How do you solve $\frac{x-1}{\sqrt{x}+2}=\frac{5}{2}$?

Question

I solved it using the quadratic formula and it went like: \begin{gather} \frac{x-1}{\sqrt{x}+2}=\frac{5}{2} \\ 2(x-1)=5(\sqrt{x}+2) \\ 2x-2=5\sqrt{x}+10 \\ 2x-12=5\sqrt{x} \\ 4x^2+144-48x=25x \tag*{(squaring both sides)}\\ 4x^2-73x+144=0 \end{gather} Then do the usual stuff and the solutions are $16$ and $9/4$. However $9/4$ doesn't work when you apply it to the initial equation.

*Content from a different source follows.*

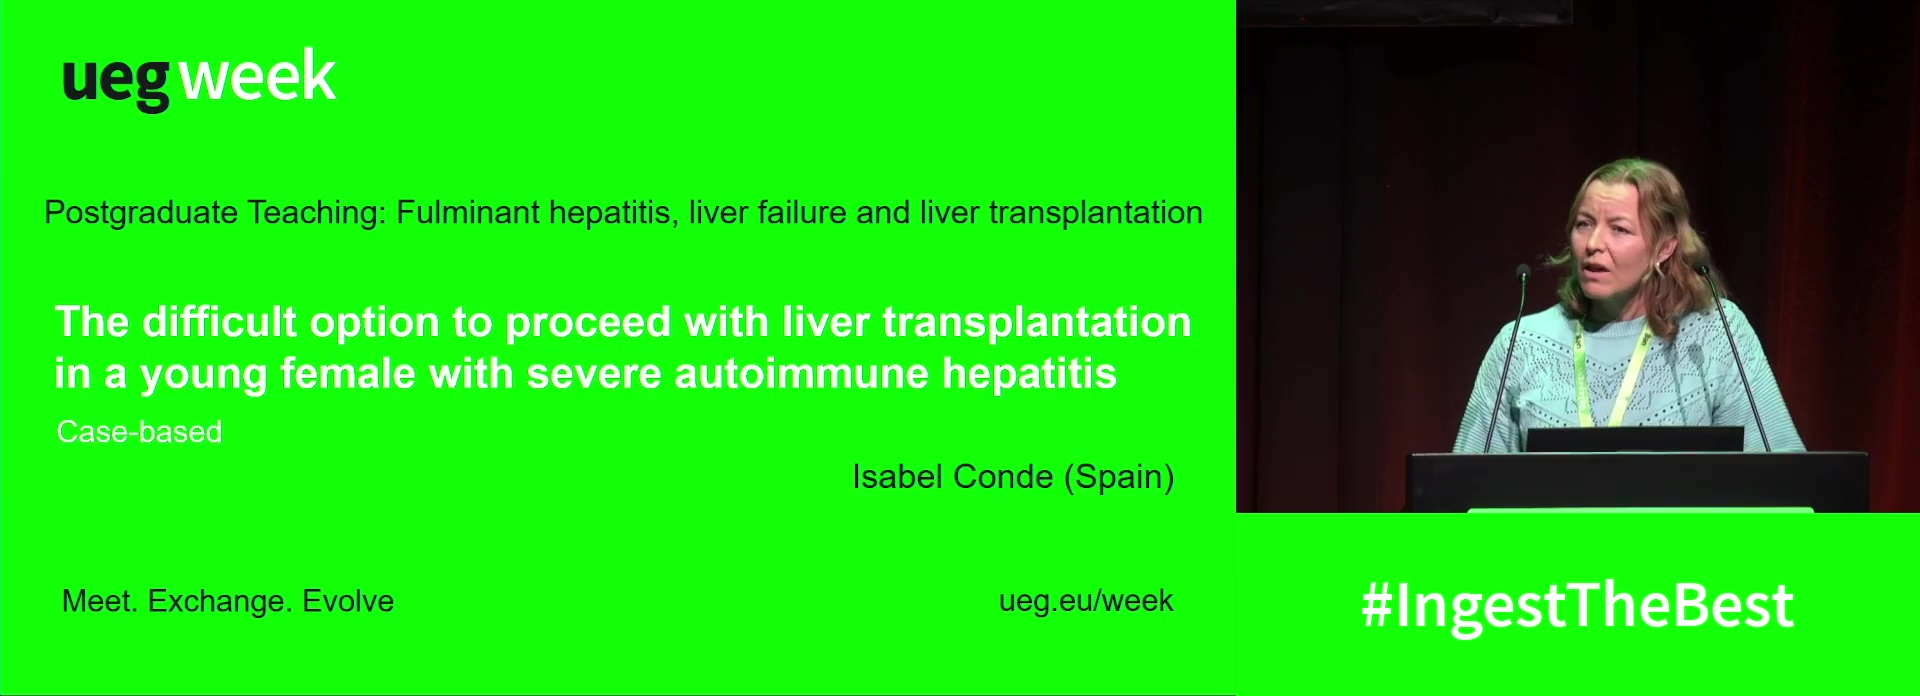 The difficult option to proceed with liver transplantation in a young female with severe autoimmune hepatitis

Is that solution correct, if not, where is the mistake?

Answer 1

If you rewrite the equation as $$ 2(x-1)=5(\sqrt{x}+2) $$ and then as $$ 2x-12=5\sqrt{x} $$ you can immedately notice that a necessary condition for a solution is $x\ge6$, because the right-hand side is positive.

With this side condition, you can square: $4x^2-48x+144=25x$, which indeed has the roots $16$ and $9/4$, but the latter fails to satisfy the condition.

Indeed, if you substitute it in the left-hand side you get $9/2-12=-15/2$, while the right-hand side is $15/2$.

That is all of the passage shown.